Small 'predicate-object' patterns also could be embedded in the code of the 'object' part of a larger pattern: e.g. 'price' in a 'catalog' or 'e-mail' in 'contact info'. This could be modelled by meta-predicates, and exploited by a more complex, recursive algorithm.

4. EXPERIMENTS ON DATA

In the first try we focused on contact information data, i.e. postal and/or email address, see Table 1. We randomly selected 101 links from the Business category of Open Directory (http://dmoz.org/Business), and visually examined the HTML code and outlook of the respective websites. We found some form of contact information within 60 sites: either at the main page or at a page accessible via an appropriately labelled link (such as 'Contact us' or 'About us').


Extractable address 50 83 %
- using lexical indicators (SPOE) 21 35 %
- only using advanced methods 29 48 %
Non-extractable address 4 7 %
Contact info w/o address 6 10 %
Extractable email: 38 63 %
- using a simple 'mailto:' wrapper: 31 52 %
- using lexical indicators (SPOE): 27 45 %
- only using lexical indicators (SPOE): 7 11 %
Contact info w/o email 22 37 %
Any metadata present 29 48 %
Metadata with contact info present 4 7 %

Table 1: Results for the 60 sites with contact info available


For all occurrences of address, we assigned the possibility of their automatic extraction to one of the categories:

  1. 'Inextractable': contact info as image, or hidden in text.
  2. 'Extractable using a lexical pattern': a lexical indicator (such as 'Mail:' or 'Contact:') preceded the address, in most cases inside its own ('block' or at least 'inline') HTML element.
  3. 'Extractable but no external indication': no lexical indicator was present but the address was structured enough to be possibly extracted using advanced (statistical) methods.

The simplest approach to e-mail extraction would surely be a wrapper class for <a href="mailto:XXX">: this would work in approx. 50 % of cases. When, however, the address does not have the form of hyperlink and its end coincides with that of an appropriate HTML tag, an SPO extractor (using lexical indicators such as 'E-mail:') still would work (11 % of cases).

A by-product of our survey was a small statistics of use of explicit metadata. Some form of it occurred on nearly half of the pages, structured metadata (Dublin Core) however appeared just once, and only 4 pages contained metadata with contact information: this manifests the importance of WebIE. For contact information, 'implicit RDF metadata' on output might look like

<rdf:Description about="http://www.XY.com">
	<dc:Creator>Joe Bowen</dc:Creator>
	<imp:email>info@XY.com</imp:email>
	<imp:addr>42 StreetX, Bigcity, 111 54</imp:addr>
	<imp:phone>1-800-123-456</imp:phone>
</rdf:Description>

and later be converted to 'real-world' facts, as shown in section 2.

5. CONCLUSIONS

We hope that exploitation of SPO structures could focus extraction on promising parts of the HTML code, and thus increase the accuracy and reduce the complexity of conventional IE methods.
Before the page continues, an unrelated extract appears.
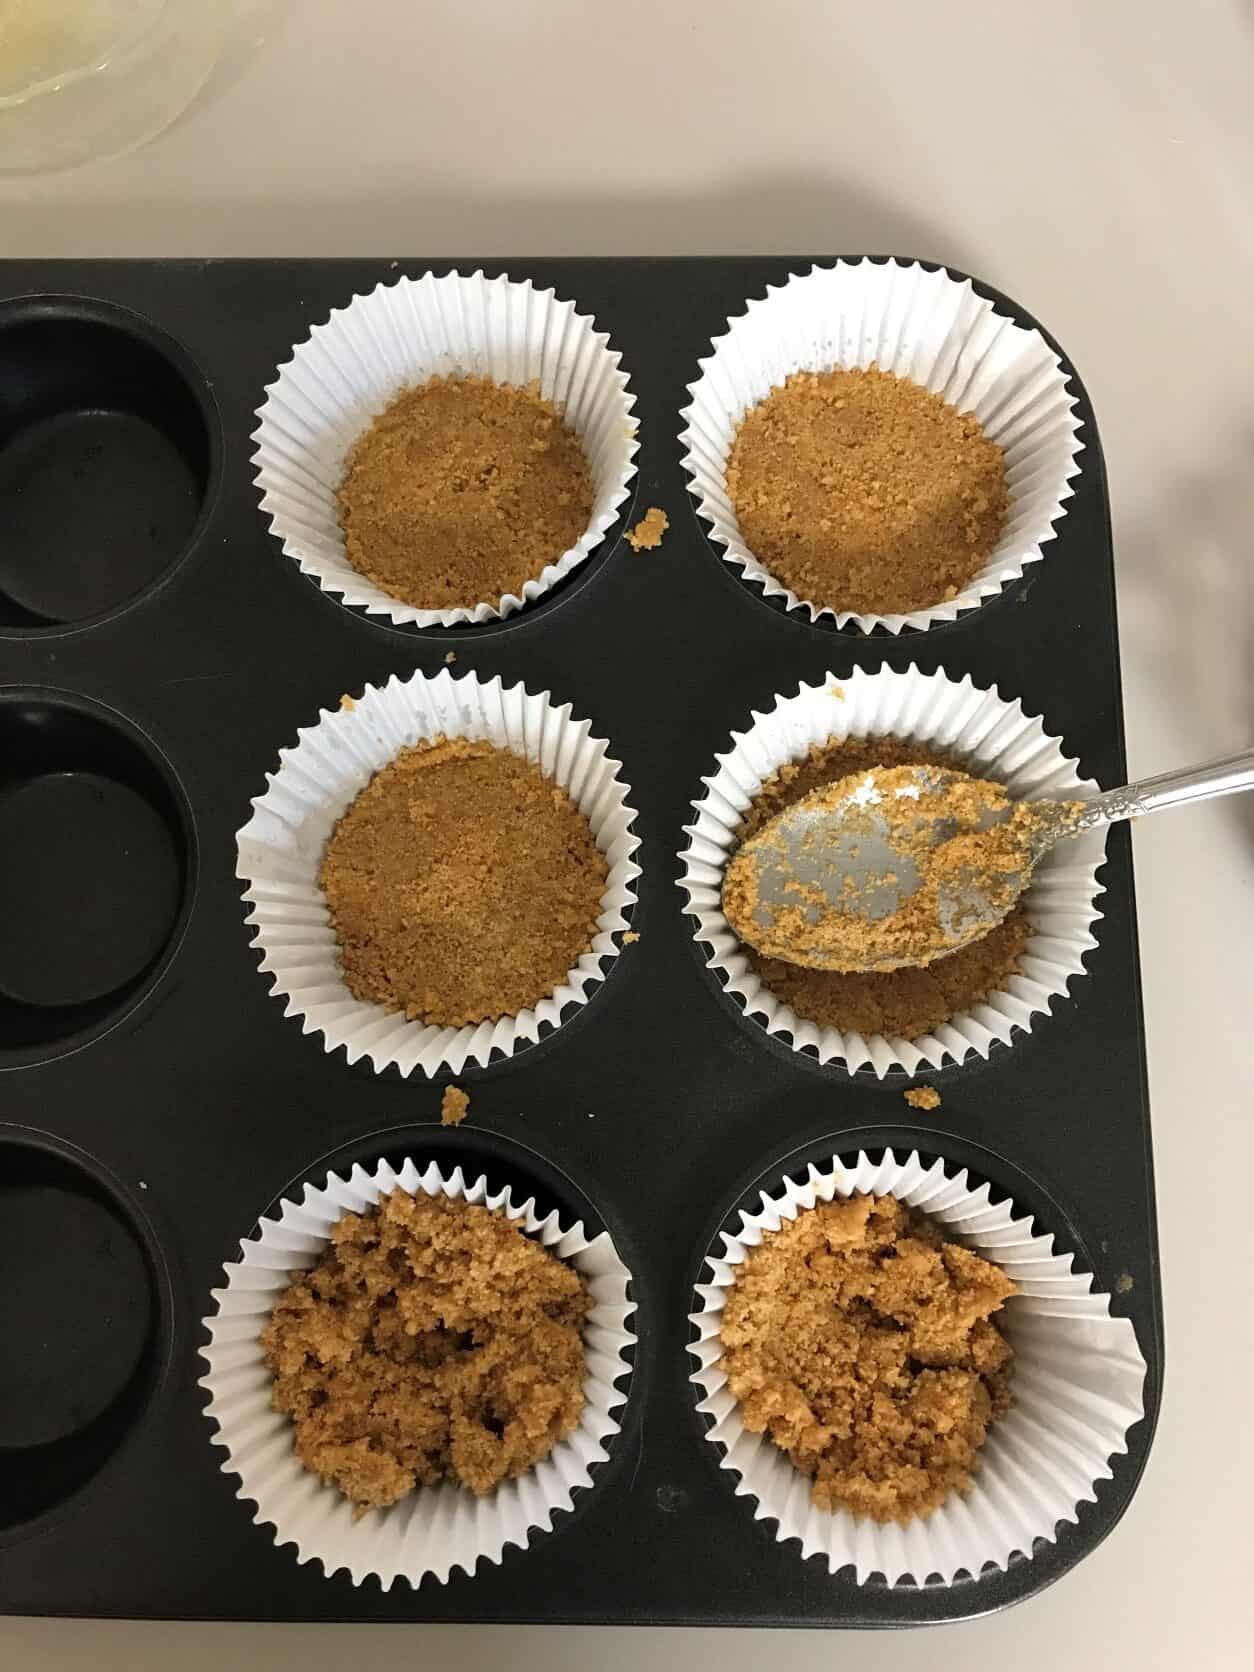 graham cracker crumbs in a muffin liner

The fact that same visual patterns (expressing the P-O relationship) could be reused for a wide range of 'semantic messages' may alleviate the training of extraction models. Our long-term goal however is to build a lightweighted support for interactive semantic annotation of web pages rather than an autonomous WebIE system.

6. ACKNOWLEDGEMENTS

This work has been partially supported by grant no.201/03/1318 of the Grant Agency of the Czech Republic.

7. REFERENCES

  1. D. Freitag. Information extraction from HTML: Application of a general learning approach. In Proceedings of the 15th National Conference on Artificial Intelligence. AAAI, 1998.
  2. C. Knoblock, et al. Modeling web sources for information integration. In Proc. of the 15th National Conference on Artificial Intelligence. AAAI, 1998.
  3. N. Kushmerick, D. S. Weld, and R. Doorenbos. Wrapper induction for information extraction. In Intl. Joint Conference on Artificial Intelligence, 1997.
  4. O. Lassila and R. R. Swick. Resource Description Framework (RDF) Model and Syntax Specification. W3C Recommendation, Feb. 1999.
  5. S. Soderland. Learning information extraction rules for semi-structured and free text. Machine Learning, 34:233-272, 1999.